Le Défenseur des droits est chargé par l’article 71 de la Constitution de veiller au respect des droits et des libertés. A la suite d’une forte augmentation des réclamations qui lui sont adressées en matière de défense des droits des personnes malades étrangères, il dresse, dans un nouveau rapport « Personnes malades étrangères : des droits fragilisés, des protections à renforcer », un bilan de son action et présente ses recommandations.
Les constats formulés par le Défenseur des droits dans son rapport de 2016 sur les droits fondamentaux des étrangers en France restent plus que jamais d’actualité trois ans après, alors que des réformes législatives ont introduit de nouveaux obstacles, année après année, à l’accès aux droits des personnes malades étrangères.
Le Défenseur des droits souligne tout d’abord que les statistiques et chiffres officiels vont à l’encontre des idées reçues selon lesquelles le système de santé français serait à l’origine d’un « appel d’air ».
Sur 225 500 titres de séjour délivrés à l’issue d’une première demande en 2018, 4310 l’étaient pour raisons médicales (moins de 2%).
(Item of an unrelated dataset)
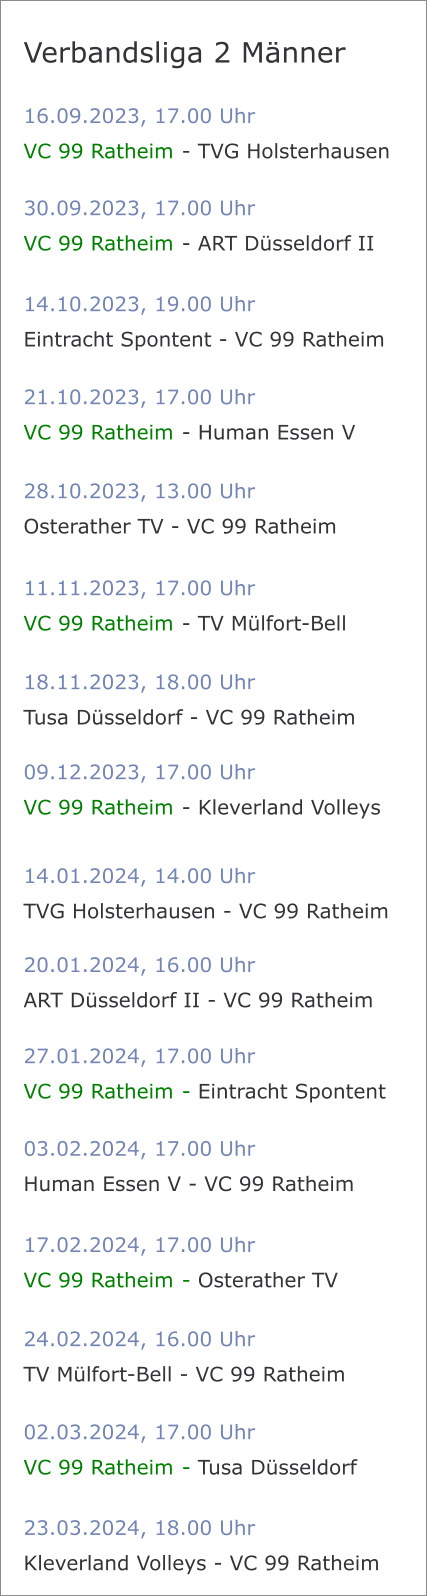 16.09.2023, 17.00 Uhr VC 99 Ratheim	 - TVG Holsterhausen Verbandsliga 2 Männer 30.09.2023, 17.00 Uhr VC 99 Ratheim	 - ART Düsseldorf II 14.10.2023, 19.00 Uhr Eintracht Spontent - VC 99 Ratheim	 21.10.2023, 17.00 Uhr VC 99 Ratheim	 - Human Essen V 28.10.2023, 13.00 Uhr Osterather TV - VC 99 Ratheim	 11.11.2023, 17.00 Uhr VC 99 Ratheim	 - TV Mülfort-Bell 18.11.2023, 18.00 Uhr Tusa Düsseldorf - VC 99 Ratheim	 09.12.2023, 17.00 Uhr VC 99 Ratheim	 - Kleverland Volleys 14.01.2024, 14.00 Uhr TVG Holsterhausen - VC 99 Ratheim 20.01.2024, 16.00 Uhr ART Düsseldorf II - VC 99 Ratheim 27.01.2024, 17.00 Uhr VC 99 Ratheim	 - Eintracht Spontent 03.02.2024, 17.00 Uhr Human Essen V - VC 99 Ratheim 17.02.2024, 17.00 Uhr VC 99 Ratheim	 - Osterather TV 24.02.2024, 16.00 Uhr TV Mülfort-Bell - VC 99 Ratheim 02.03.2024, 17.00 Uhr VC 99 Ratheim	 - Tusa Düsseldorf 23.03.2024, 18.00 Uhr Kleverland Volleys - VC 99 Ratheim

Moins de 1% des dossiers présentés aux médecins de l’Office français de l’Immigration et de l’Intégration (OFII) en vue de l’obtention d’un titre de séjour pour soins sont concernés par la fraude. Et pourtant, la perception erronée persiste, rendant plus difficile l’exercice légitime des droits des personnes malades étrangères.
L’accès à la protection maladie n’est toujours pas le même pour tous et toutes, exposant plus fortement les personnes étrangères aux refus de soins. A cet égard, la réforme de l’Assurance maladie dite « PUMa » a conduit à une régression des droits des étrangers en situation régulière tandis que les étrangers en situation irrégulière demeurent exclus du système de protection universelle. En dépit de la moindre protection qu’elle confère, l’AME fait l’objet d’attaques régulières. Or, si le besoin de soins constitue un motif migratoire relativement mineur, la prise en charge des frais de santé de toute personne résidant sur le territoire s’impose en revanche tant au regard du respect des droits fondamentaux que d’un point de vue épidémiologique. Elle est un enjeu majeur de santé publique.
Le droit au séjour des personnes gravement malades s’est détérioré. Aucune facilité n’est prévue pour garantir l’accès aux guichets des préfectures des personnes hospitalisées ou rencontrant des difficultés à se déplacer. Les demandes de pièces non prévues par les textes ou contraires au secret médical sont fréquentes. La réforme de la procédure entrée en vigueur en 2017 a par ailleurs mis en place un régime dérogatoire retardant considérablement, pour les seuls étrangers malades, l’accès à un récépissé.
S’agissant de l’évaluation de la situation médicale des étrangers sollicitant leur admission au séjour pour soins, le transfert de compétence opéré au bénéfice des médecins de l’OFII, bien que poursuivant un objectif de sécurisation et d’harmonisation des avis médicaux rendus, s’est accompagné d’un allongement notable des délais d’instruction, faute notamment d’effectifs suffisants, et d’une baisse drastique des avis médicaux favorables au maintien sur le territoire.
En dépit d’une meilleure formalisation des procédures, l’interdiction d’éloigner du territoire les étrangers gravement malades peine également à trouver sa pleine effectivité : la demande de protection contre l’éloignement est un droit mal connu qui, lorsqu’il est déclenché, n’empêche pas l’exécution de la mesure.
Enfin, la prise en charge sanitaire des étrangers placés en centres de rétention présente, dans un contexte d’allongement de la durée maximale de rétention et d’augmentation des placements, des carences particulièrement préoccupantes.
Le Défenseur des droits recommande notamment :
– L’adoption de mesures visant à garantir l’accès à l’Assurance maladie de tous les étrangers régulièrement installés en France, et ce dès les premiers jours de leur installation ;
– La fusion des dispositifs Assurance maladie / AME ou, a minima, la création pour les bénéficiaires de l’AME d’une carte numérique ouvrant l’accès aux mêmes facilités que pour les personnes affiliées à l’assurance maladie ;
– La modification des textes pour garantir à tous les étrangers, y compris demandeurs d’asile ou déboutés, la possibilité de solliciter une admission au séjour pour soins à tout moment ainsi que l’obtention d’un récépissé dès l’enregistrement de la demande ;
– L’ouverture d’une voie de recours dédiée permettant aux étrangers de contester les avis médicaux rendus par l’OFII dans un cadre respectueux du secret médical ;
– Le renforcement de la présence médicale et infirmière au sein des centres de rétention ainsi que des moyens alloués à la prise en charge psychiatrique des étrangers retenus.